The following is an example that was used to verify the predictive capability of the model. Due to space constraints, only the sequence of events is provided: At 17:30 on × Month ×, 2008, an intermediate ventilation shaft excavation and transport operation was underway at a subway construction site, alongside jet grouting pile construction. The rear support equipment for the jet grouting pile operation was mixing cement slurry. Large quantities of cement were utilized at the site, resulting in numerous empty cement bags. Rainy conditions made the ground slippery. Worker A, who was responsible for clearing debris, slipped while barefoot during the cleanup of empty cement bags. Other workers noticed that A did not immediately stand up and rushed to assist. At that point, A was still conscious. After workers reported the incident to the project department, personnel immediately dialed 120 for emergency medical assistance. On-site CPR was initiated, while simultaneously notifying the project manager and contacting A’s relatives. At 17:50, hospital paramedics arrived at the site, administered emergency care, and transported A to the nearest hospital. The ambulance delivered the patient at 18:15, where A was pronounced dead after unsuccessful resuscitation efforts. The following day, the hospital issued a death certificate citing sudden death due to electric shock.
The entity extraction results from the model were as follows:
(1) Entities: Subway construction site, worker A (barefoot), improperly matched residual current device, inadequate temporary electrical management by project department, sudden death by electric shock, assisting, resuscitation, rescue.
(2) Relationships: Location of occurrence, caused, control knowledge.
The above example demonstrates that the entity recognition model performs well in identifying entities such as “personnel harm,” but struggles with entities such as “management factors.” This discrepancy may have stemmed from the former being more intuitive, while the latter often involved multiple factors and specialized technical terminology. Regarding the entity-relationship recognition model, it likely excelled at identifying direct relationships like “location of occurrence” and “caused,” as these typically involved clear entities and causal connections. However, the model may have faced challenges with abstract relationships like “control knowledge” or “cause,” particularly when descriptions were non-standard or contained negative information, which may have impacted accuracy. Overall, the model’s performance validated the feasibility of the knowledge extraction method proposed in this study, providing reliable data input for subsequent knowledge graph construction.

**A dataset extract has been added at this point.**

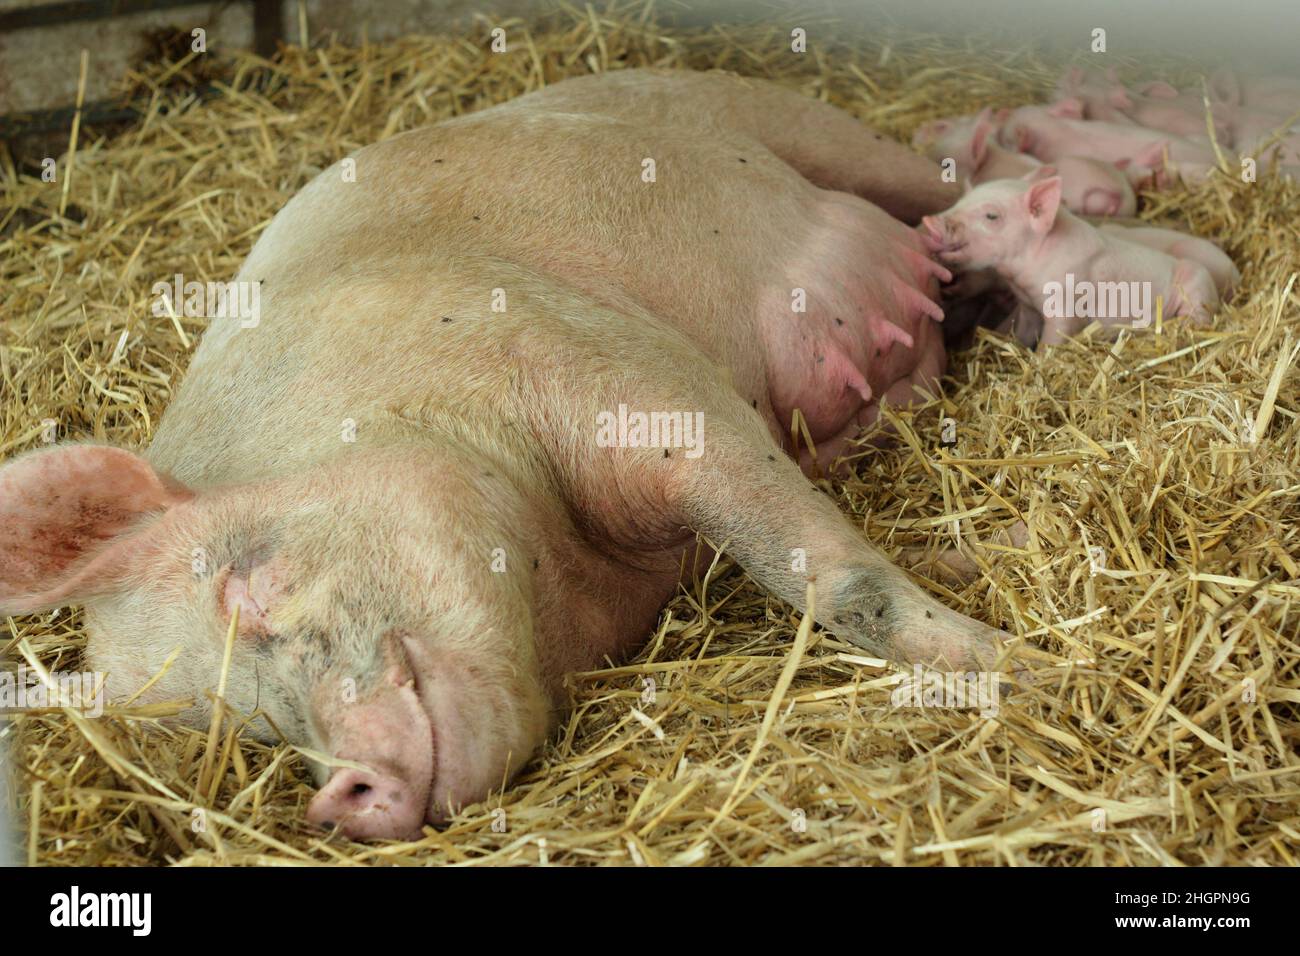 Sow and her piglets.  Litter of piglets feeding from their mother pig on a UK farm. Stock Photo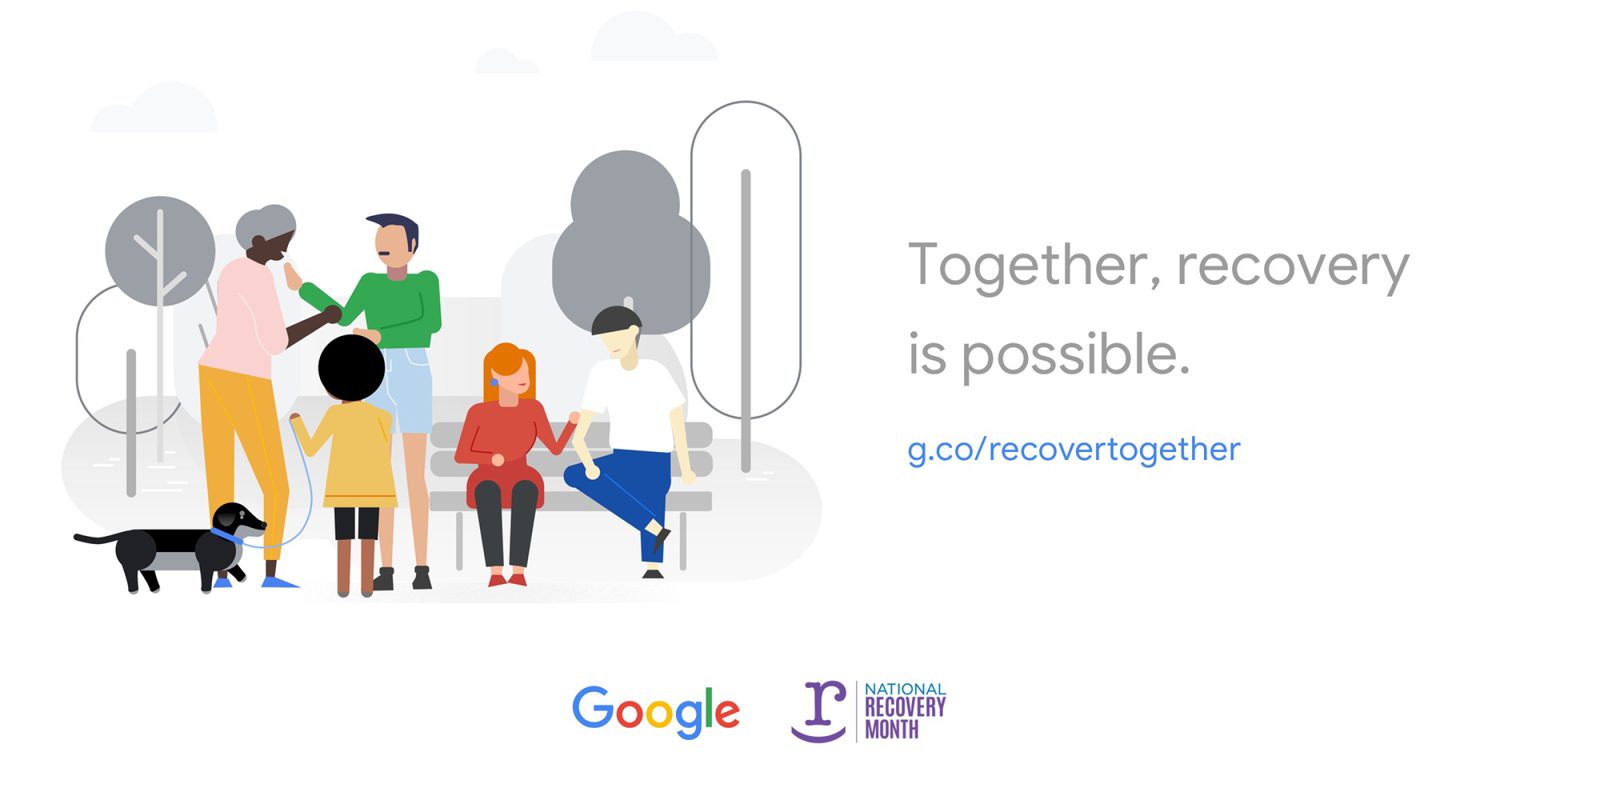 Google Recover Together

5. Results and Applications

5.1. Extraction Results

The BERT-BiLSTM-CRF model was employed to identify entity types that are numerous and primarily distributed in unstructured text. For entity relationship classification and extraction, the BERT-CNN was applied. As a result, 4877 entities and 5783 relationships were extracted. Building on the extracted triples, the subsequent subsections will sequentially demonstrate Knowledge graph visualization, knowledge association, Knowledge retrieval, and question and answer service.

5.2. Knowledge Graph Visualization

Among numerous graph database tools, Neo4j is recognized as the most widely used graph database system worldwide [34]. It is characterized by several advantages, including high read/write efficiency, a relatively gentle learning curve, a mature and user-friendly interface, abundant learning resources, and support for REST API interfaces. Based on these advantages, Neo4j was selected as the storage and query platform for the emergency response knowledge graph of safety accidents, as shown in Figure 6.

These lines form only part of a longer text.